As you might be able to tell, this was a hard problem to even explain to users. The Yes/No switch for the "Rerank items on search" filter (my original solution) was easily the thing my beta testers were most confused about.

A seemingly separate problem I was facing was the fact that ⌘F was broken. Hundreds of thousands of song names is too much for a browser to show at once, so I added a way to only show the items currently on screen based on the scroll position. Unfortunately, that meant that anything off-screen was lost to ⌘F. It struck me that if I made a "Find in page" replacement, it would solve the two search problem also. Searching in the filters could always rerank to 1st-2nd-3rd, and the find in page replacement (now called "Jump to") could show the original ranks (e.g. 2nd-5th-9th).

The "Jump to" UI

1.

For those curious, the witchcraft works like this: all 11 possible sort criteria (Plays, Day of week, Artist name, etc.) have an index 0-10 assigned to them that determines their place in the sort priority. The naive storage mechanism would be to store each index back-to-back, which requires 11 criteria * 4 bits = 44 bits of storage space. That's inefficient, because it's enough to store any 10 four-bit numbers (could be 10 thirteens, for example), but I only need to store 10 unique numbers.

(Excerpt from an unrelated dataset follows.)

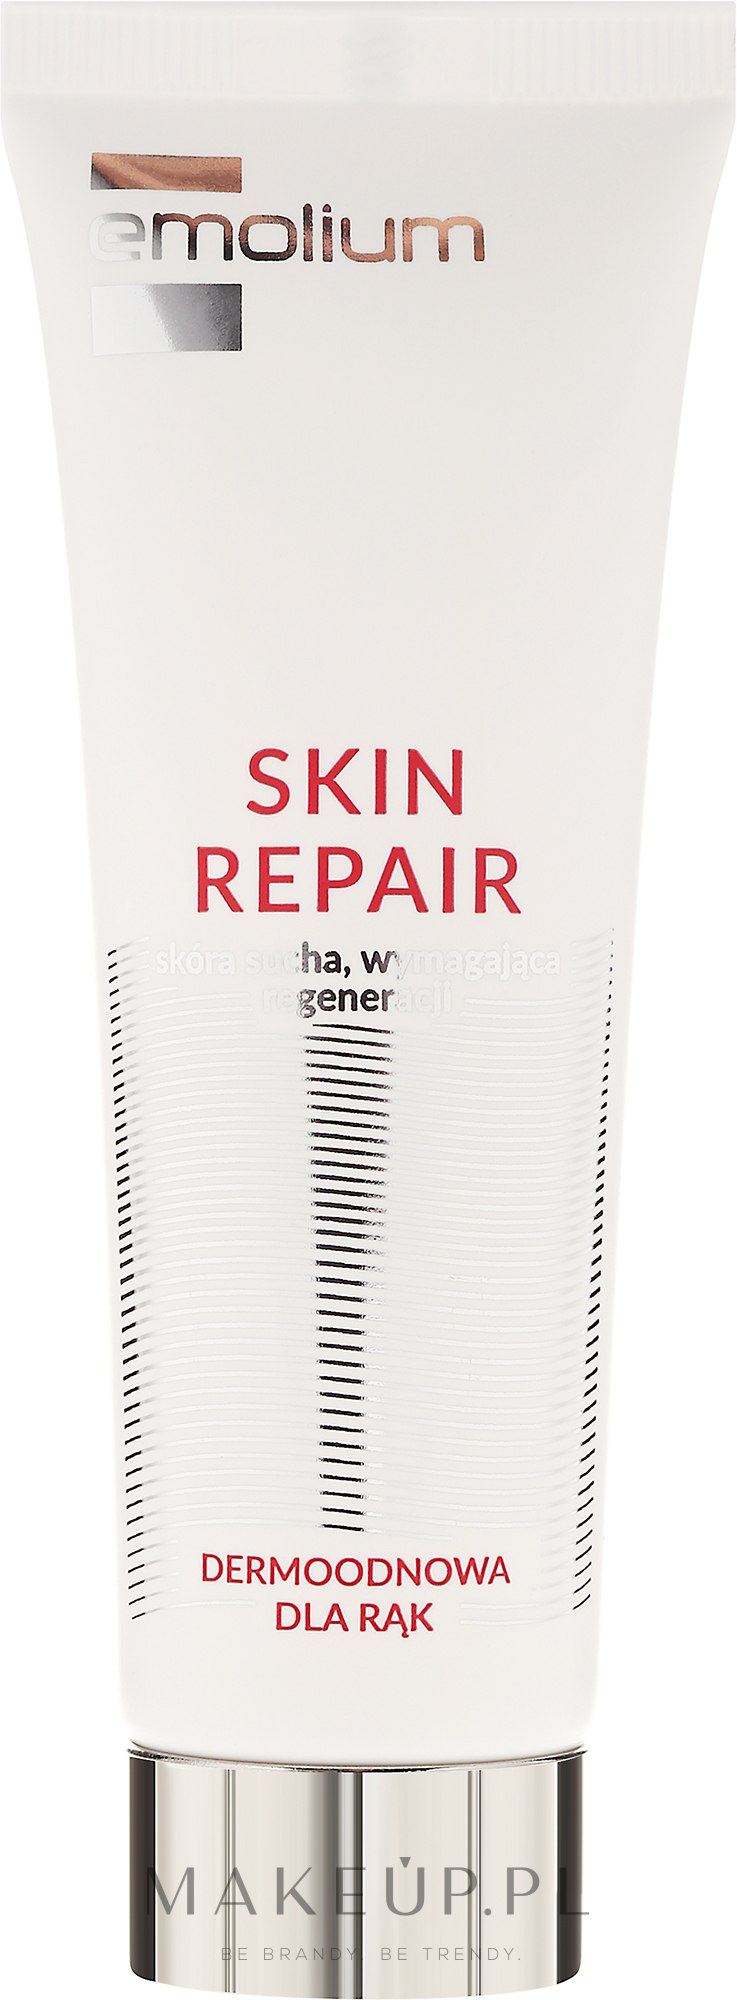 Dermoodnowa do rąk do skóry suchej i wymagającej regeneracji - Emolium Skin Repair — Zdjęcie 40 ml

So I turned to a different algorithm. Each critera got assigned a letter (Plays = a, Day of week = b, Artist name = c, etc.), and were concatenated into a single string in the sort order. So an order of (Plays tiebroken by Artist name tiebroken by Day of week tiebroken by ...) would result in a string of acb.... Finally, based on a list of every possible permutation of abcdefghijk in alphabetical order, the index of our string within that list is the number of our segment.

Using this technique, I only need to store 11! possibilities (the actual number of possible sort order permutations), which cuts the sort order storage to 26 bits, a marked improvement over the naive 44 bits.